Since the year end and up to 22 February 2024 (the latest practicable date before publication of the Annual Report), the Company has bought back to hold in treasury 1,650,000 ordinary shares at an aggregate cost of £23.0 million.
19. Financial information
This announcement does not constitute the Company's statutory accounts. The financial information is derived from the statutory accounts for the year ended 31 December 2023, which will be delivered to the Registrar of Companies after being put forward for adoption at the Company's Annual General Meeting. The auditors have reported on the accounts for the year ended 31 December 2023, their report was unqualified and did not include a statement under Section 498(2) or (3) of the Companies Act 2006.

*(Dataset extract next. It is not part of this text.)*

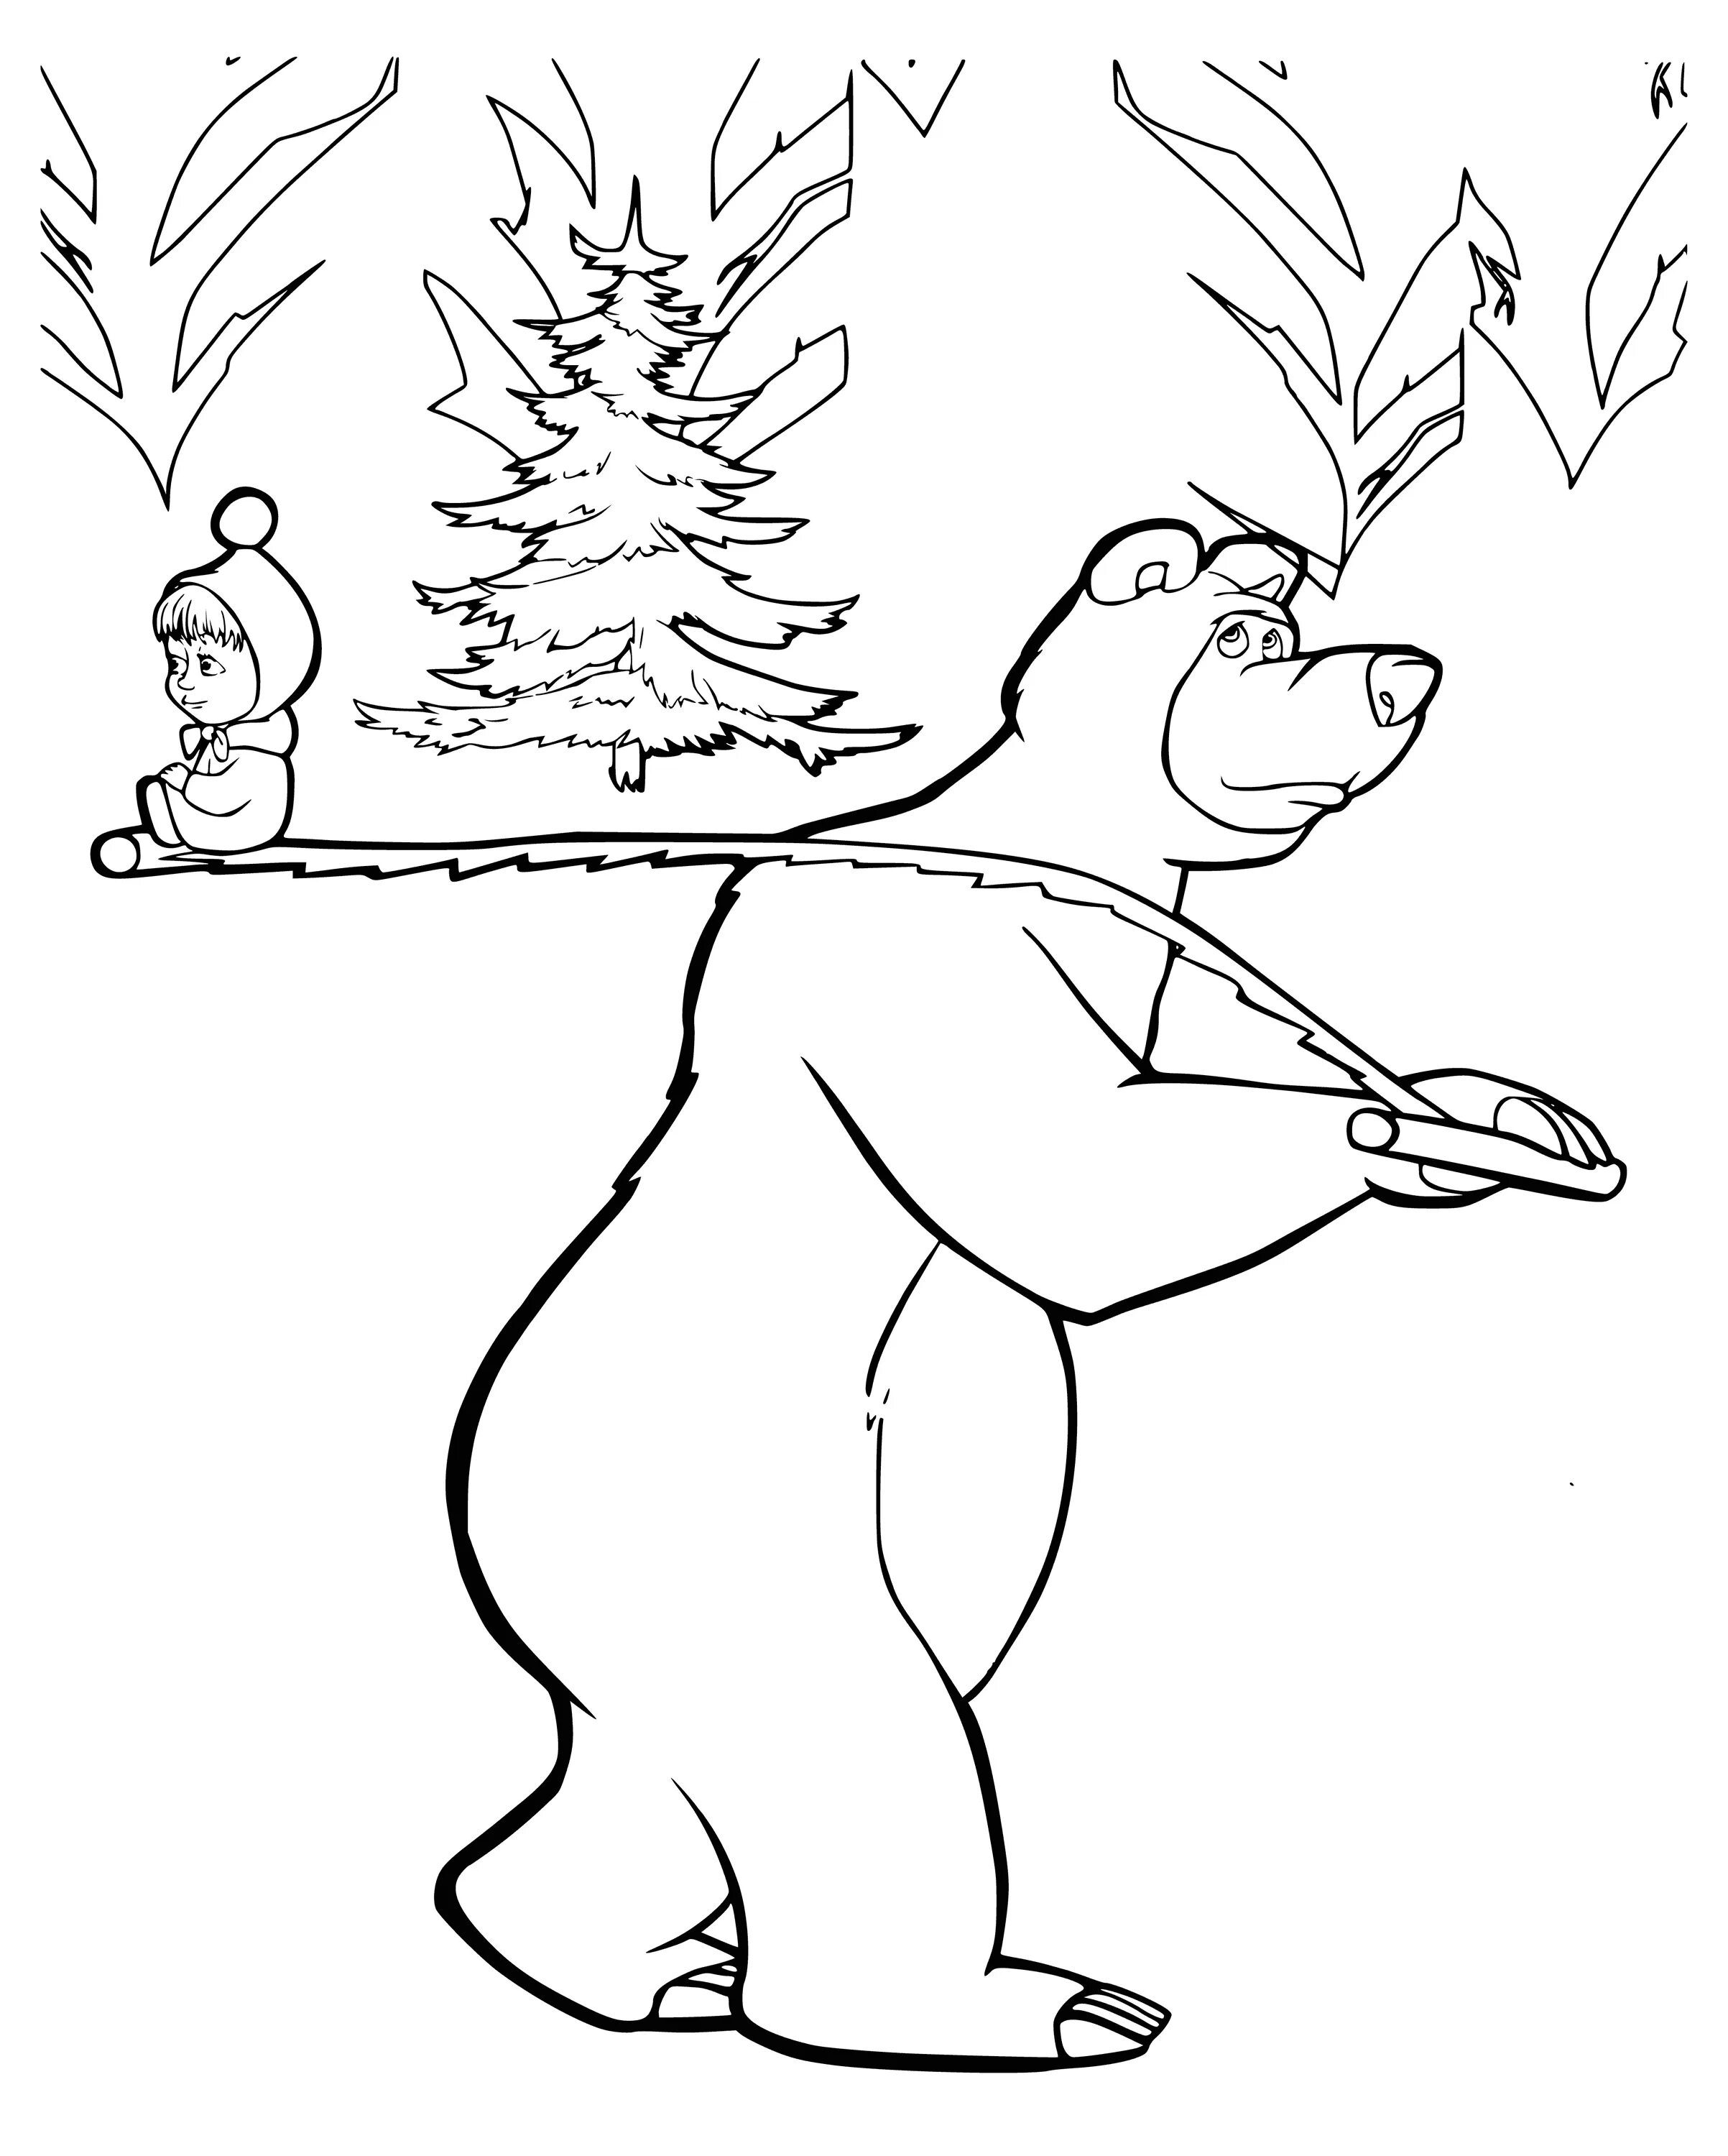 Разукрашку Маша и медведь. Маша и медведь рисунок раскраска. Раскраски для детей из мультфильмов Маша и медведь. Раскраски герои мультфильмов Маша и медведь. Раскраска маша и медведь 2

The Annual Report for the year ended 31 December 2023 was approved by the Board on 26 February 2024. It will be made available on the Company's website at www.smithson.co.uk
The Annual Report will be submitted to the National Storage Mechanism and will shortly be available for inspection at: https://data.fca.org.uk/#/nsm/nationalstoragemechanism.
This announcement contains regulated information under the Disclosure Rules and Transparency Rules of the FCA.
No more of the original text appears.